Все, поняла Люсинда. Надо идти в супермаркет на бульвар. Ничего не попишешь.
– Да я и сегодня могу, – бодро сказала она, прошлепала в прихожую и стала обуваться. – Вам какого хочется, вафельного или бисквитного, тетя Верочка?
Конечно, бисквитного, что это еще за вафельный! Вот раньше вафельный был – объеденье, а сейчас это и не торт вовсе, а так, один хруст, только на зубах скрипит.
– Хорошо! – прокричала Люсинда. – Ждите, скоро буду!
Она вытащила из кармана деньги, которые всегда носила «просто так», не признавая никаких кошельков – кошелек-то вытащить легко, а ты попробуй вытащить, когда они у меня все по внутренним карманам рассованы! – пересчитала и огорчилась. Денег было мало – вот как подкосила ее куртка, за которую отказался скинуть проклятый Ашот! На торт хватит, а до зарплаты еще ждать и ждать, не дождешься!

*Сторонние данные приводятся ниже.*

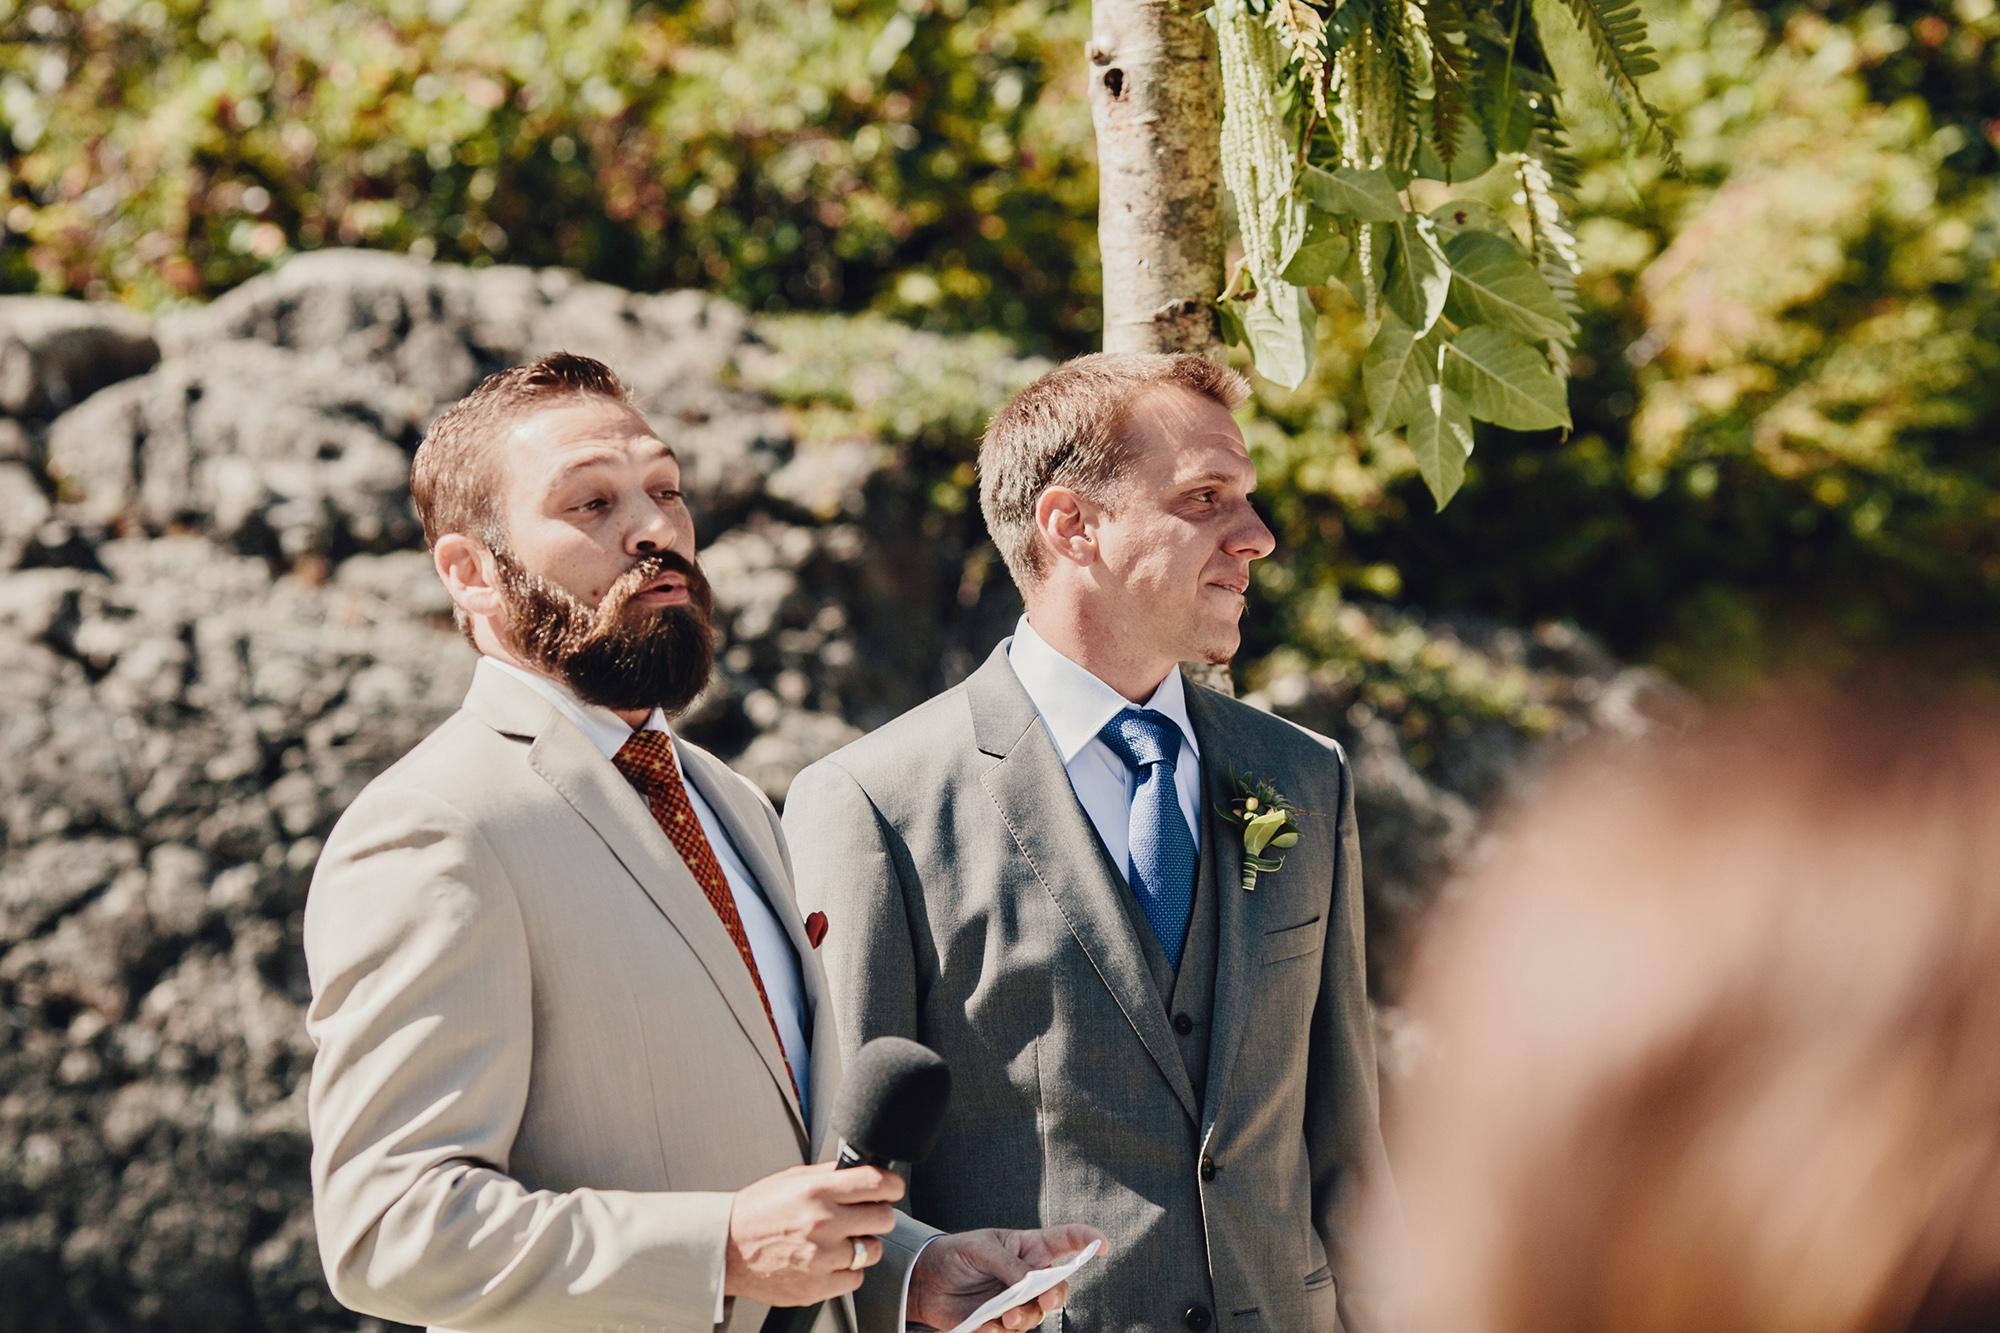 Tofino-Botanical-Gardens-Wedding-Photos-0036.jpg

Может, к Липе подняться, попросить у нее этих самых «курасанов», а тете Верочке сказать, что торта в магазине не было? «Курасаны» ей наверняка понравятся! Пожалуй, это отличная мысль. И ходить никуда не надо, и можно у Олимпиады посидеть!..
Хотя нет. Нельзя. У нее жених на диване спит, а он ее, Люсинду, ни за что в дом не пустит, еще беда выйдет.
То, что может выйти беда, Люсинда теперь знала совершенно точно. Наверняка выйдет.
Она вышла на площадку и старательно, на все три замка, заперла дверь в тети-Верочкину квартиру.
Может, и впрямь в Ростов уехать? Может, права Олимпиада? Станет она, Люсинда, жить дома, выйдет замуж, родит беленькую девочку, похожую на нее саму, а когда той исполнится шесть, отдаст ее в балет и «на музыку»!
Не-ет, закричал кто-то внутри у Люсинды. Не-ет, ни за что!
Никогда! Балет, музыка, а дальше что, как любила спрашивать Олимпиада?! Рынок, палатка и Ашот?! Только не это!
И так Люсинде стало жалко свою дочечку, свою маленькую девочку, свою зайку, что от горя она даже всхлипнула.
И накликала.
Пока она утирала нос, соседская дверь открылась и показался Ашот – не к ночи будь помянут. Люба провожала его, и вид у нее был довольно сердитый – мало дал, что ли?
– Далеко собралась? – с ходу спросил Ашот. – На ночь глядя?
– А тебе-то что? – из-за его спины спросила Люба. – Идет девушка и пускай себе идет, и ты иди.
– А ты не встревай, – ласково сказал Ашот Любе. Так ласково, что она попятилась. – Я тебе не за то деньги плачу, чтобы меня, как мальчишку, вокруг пальца!..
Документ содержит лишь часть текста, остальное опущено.